Researchers from the Calpain Group of our institute—Dr. Aya Noguchi (Researcher), Dr. Shoji Hata (Group Leader), Dr. Yasuko Ono (Former Group Leader) —in collaboration with Dr. Hiroshi Shitara (Head of Animal Research Division, Core Technology Support Center, of our institute), Dr. Yasushi Saeki (The Institute of Medical Science, The University of Tokyo), and Dr. Hikaru Tsuchiya (Juntendo University), have discovered that calpain 15 (CAPN15), an intracellular protease, targets ubiquitin-modified proteins and regulates the cell adhesion molecule E-cadherin.
Loss-of-function mutations in CAPN15 have recently been reported to cause a congenital malformation disorder known as oculogastrointestinal neurodevelopmental syndrome (OGIN). Our findings are therefore expected to contribute to a better understanding of the molecular mechanisms underlying this disorder. This work was published online in the Journal of Biological Chemistry.
CAPN15 is a member of the calpain family of intracellular calcium-dependent proteases. Among calpains, CAPN15 is unique in its ability to bind ubiquitin, a small protein that is attached to specific target proteins as a signal for degradation or functional regulation.
In recent years, loss of CAPN15 function has been linked to OGIN, drawing attention to the function of CAPN15 in development and tissue morphogenesis. However, the physiological role of CAPN15 has remained unknown.
In this study, we investigated the function of CAPN15 using epithelial cell culture models. Cells lacking CAPN15 exhibited abnormal morphology characterized by excessive cell crowding.
To elucidate the molecular basis of this phenotype, we searched for substrates of CAPN15 and identified E-cadherin, a key cell–cell adhesion molecule localized at the plasma membrane. E-cadherin plays a central role in maintaining epithelial integrity by mediating intercellular adhesion.
Our results demonstrate that, under specific physiological conditions, CAPN15 recognizes ubiquitinated E-cadherin and cleaves it, thereby regulating cell surface E-cadherin levels. When CAPN15 function is disrupted, this regulatory process is dysregulated, leading to excessive accumulation of E-cadherin at the plasma membrane and abnormal cell morphology. Importantly, accumulation of E-cadherin was also observed in epithelial tissues of CAPN15-deficient mice, indicating that this phenotype is recapitulated in vivo.
This study identifies CAPN15 as a highly distinctive protease that uses ubiquitin as a molecular signal to selectively cleave specific target proteins. Proteases that recognize ubiquitin-modified substrates are extremely rare, and our findings provide new insights into previously unrecognized mechanisms of protein regulation.

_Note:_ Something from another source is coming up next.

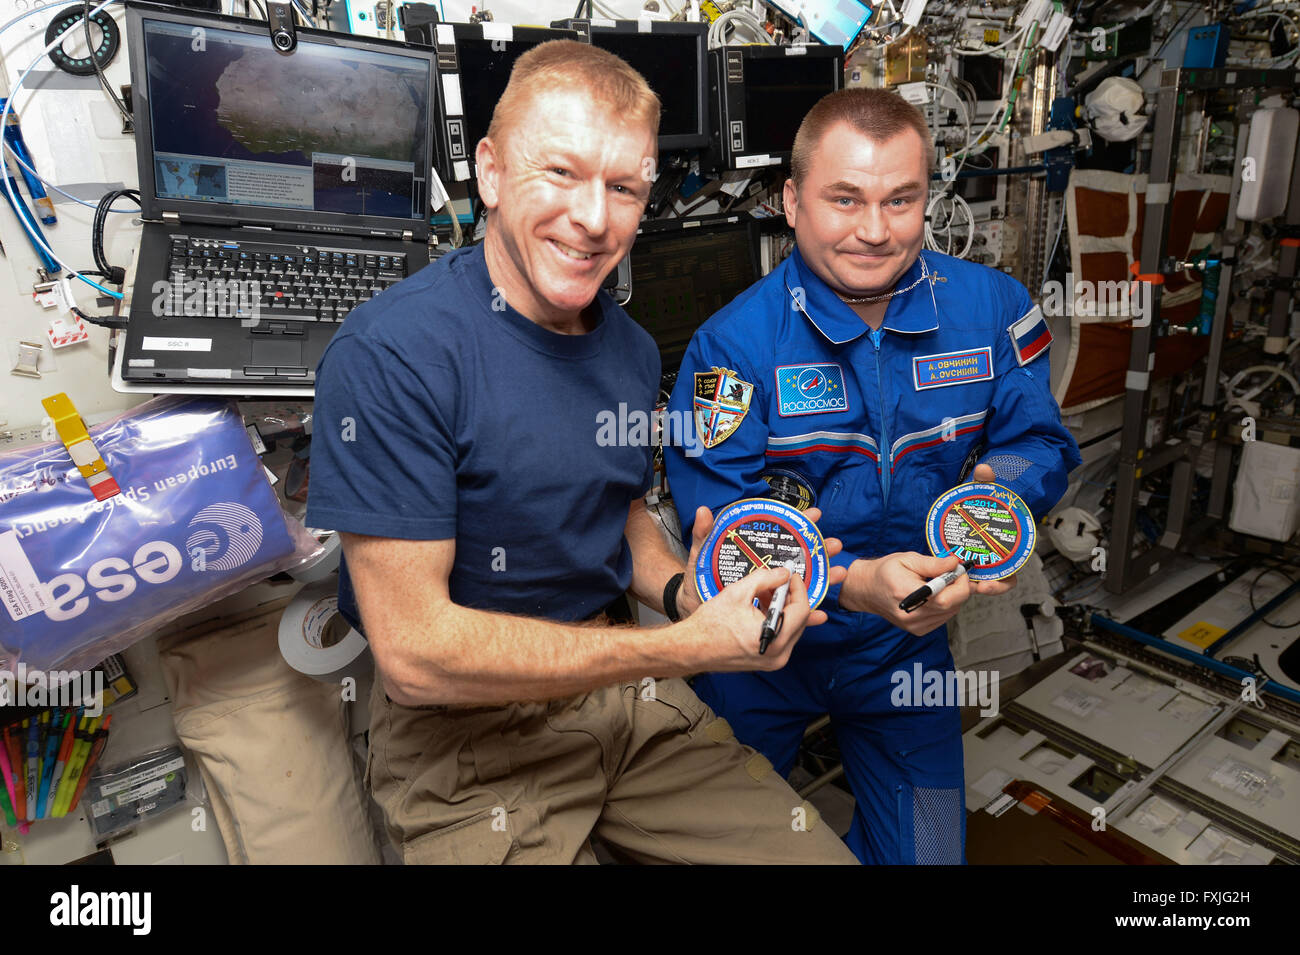 Estación Espacial Internacional la expedición 47 tripulantes astronauta británico Tim Peake, izquierda, y el cosmonauta ruso Alexey Ovchinin cruzar sus nombres fuera de la ceremonia de la "Liga de los astronautas Unflown' parche 9 de abril de 2016 en la órbita de la tierra. Ambos se encuentran en su primer vuelo espacial y la 221st y 222ª personas para visitar la Estación Espacial Internacional desde su creación. Foto de stock

Proper cell-cell adhesion is essential for maintaining tissue architecture and organ function. As E-cadherin plays a central role in these processes, dysregulation of E-cadherin levels leads to developmental abnormalities and tissue disorganization. Our findings demonstrate that CAPN15 plays a critical role in maintaining epithelial homeostasis by fine-tuning E-cadherin levels.
Because loss-of-function mutations in CAPN15 cause OGIN, this work provides important insights into the pathogenesis of this disease and is expected to facilitate future studies on development and tissue morphogenesis.